*** Dataset entries
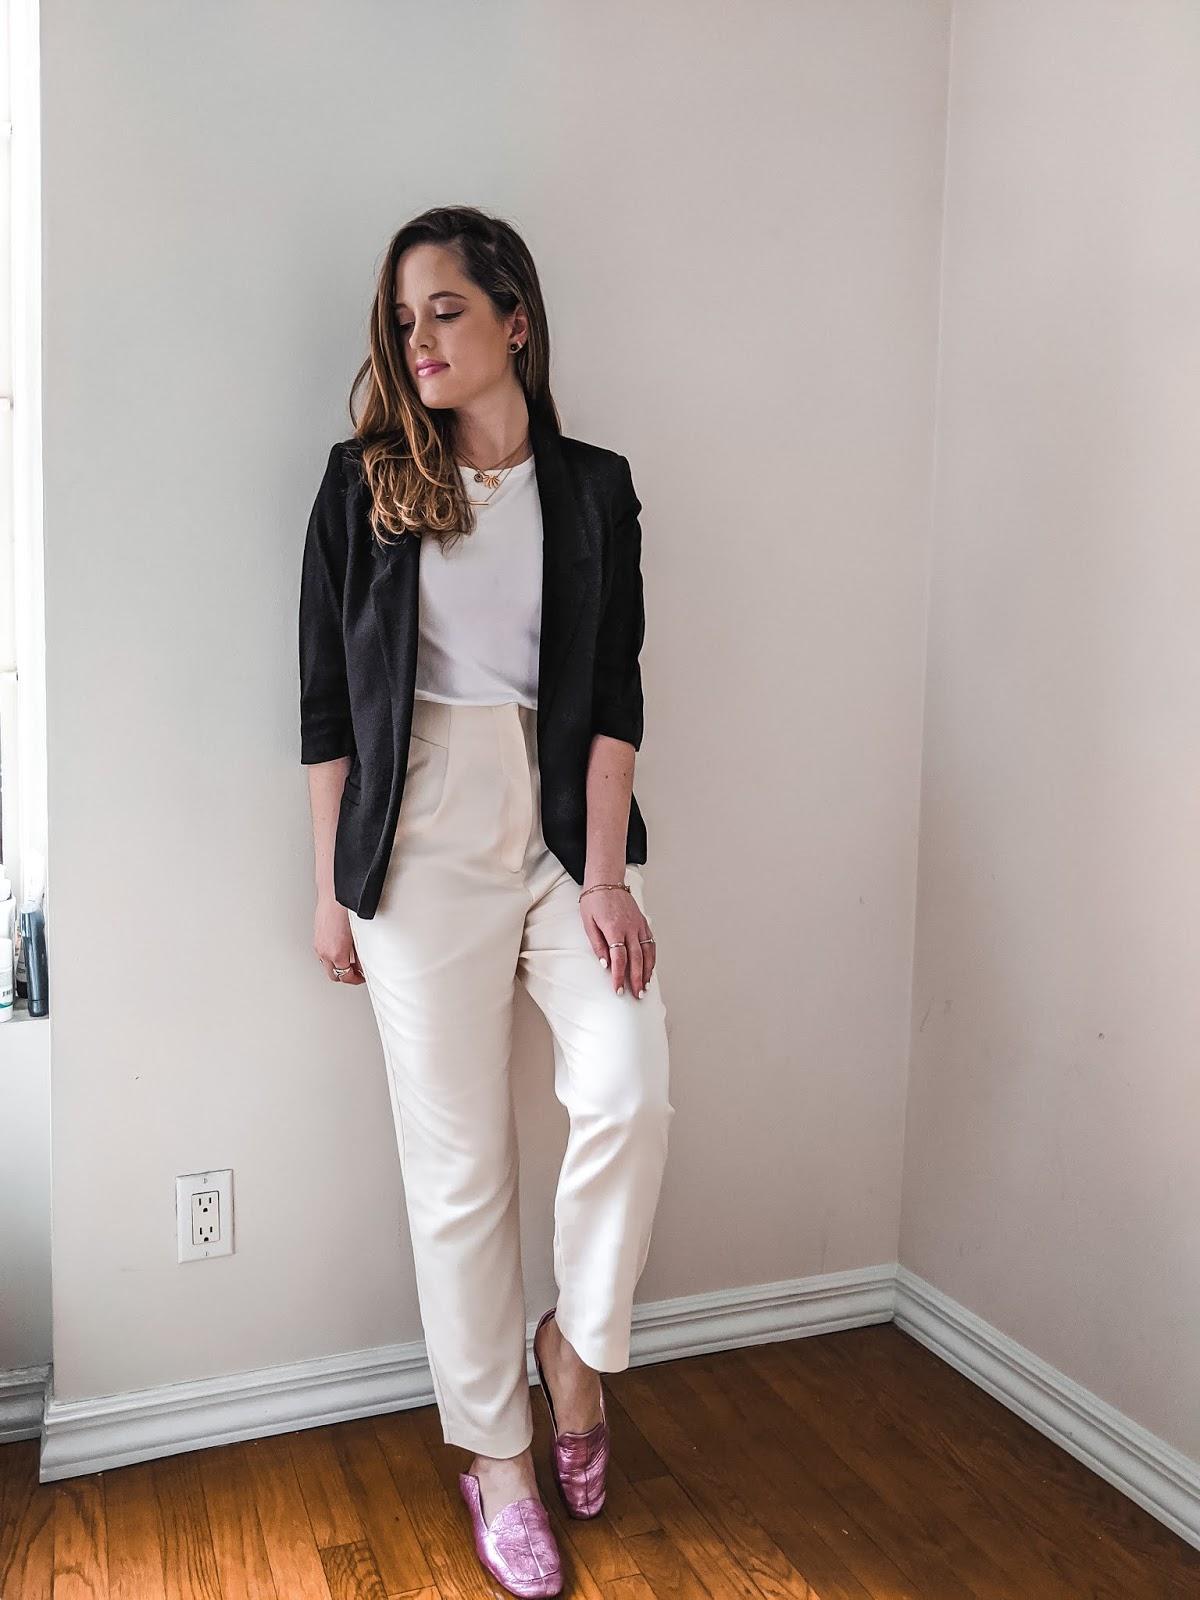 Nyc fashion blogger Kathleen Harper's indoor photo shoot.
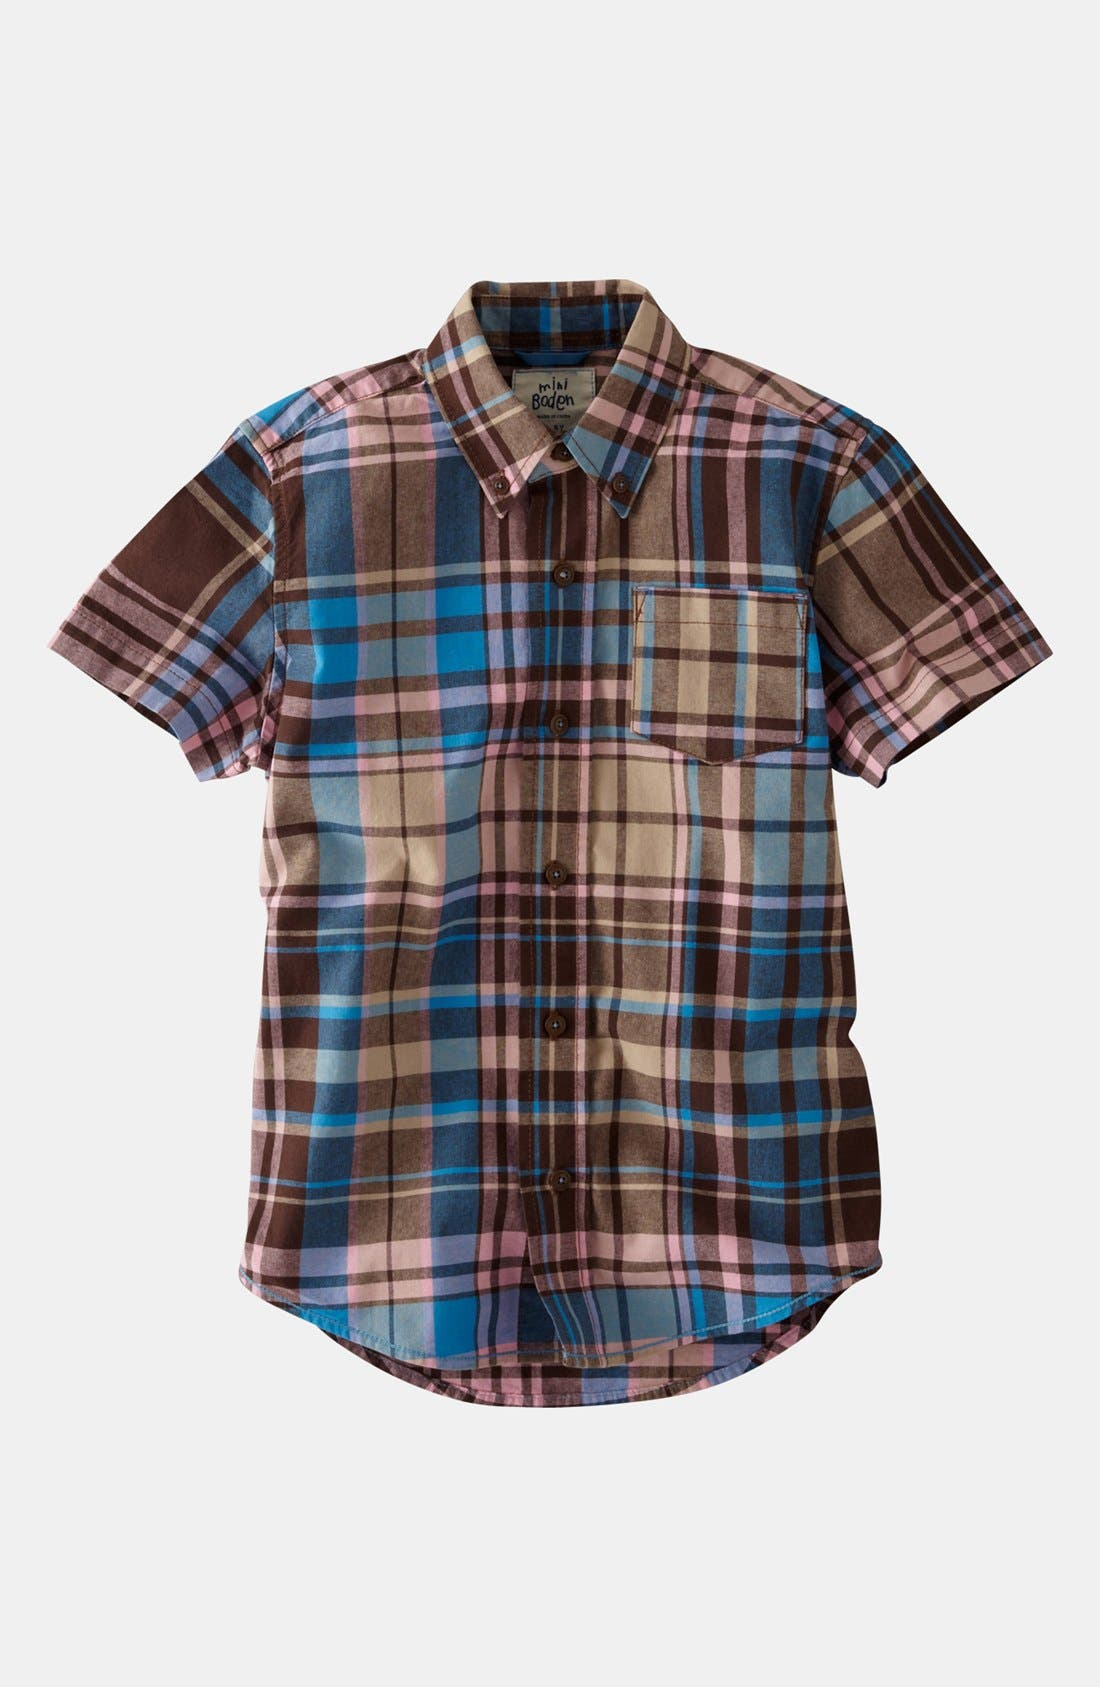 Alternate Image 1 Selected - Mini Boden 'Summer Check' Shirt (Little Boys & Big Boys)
******
*** Dataset entries
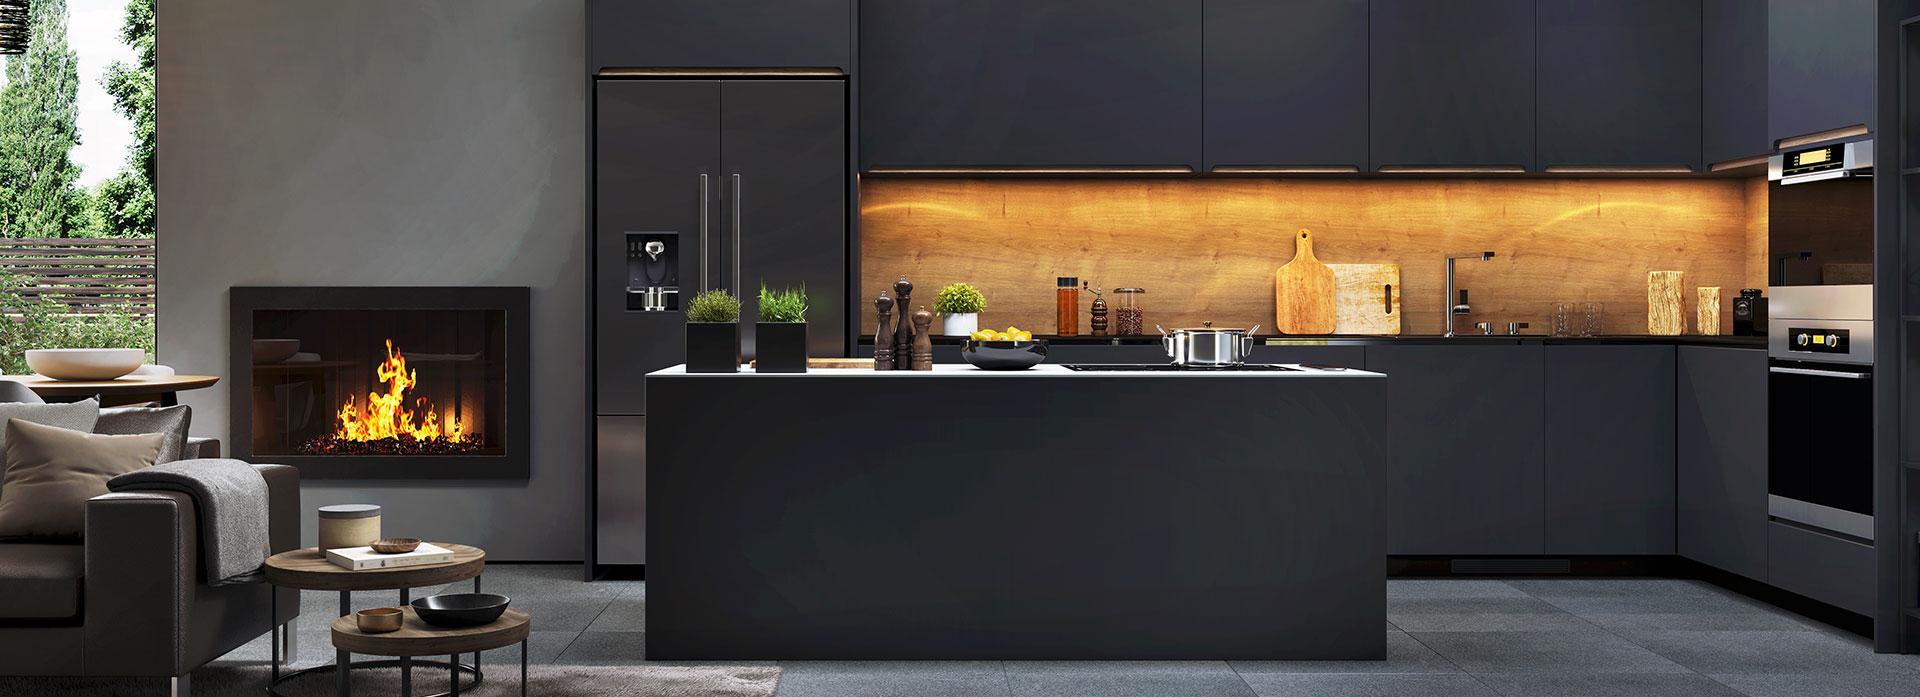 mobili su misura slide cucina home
******
- _Problem statement_
Of the lines above, copy only those from the one holding "Nyc fashion blogger" to the one holding "Alternate Image 1", both included, and exclude every image.

- _Task solution_
 Nyc fashion blogger Kathleen Harper's indoor photo shoot.
 Alternate Image 1 Selected - Mini Boden 'Summer Check' Shirt (Little Boys & Big Boys)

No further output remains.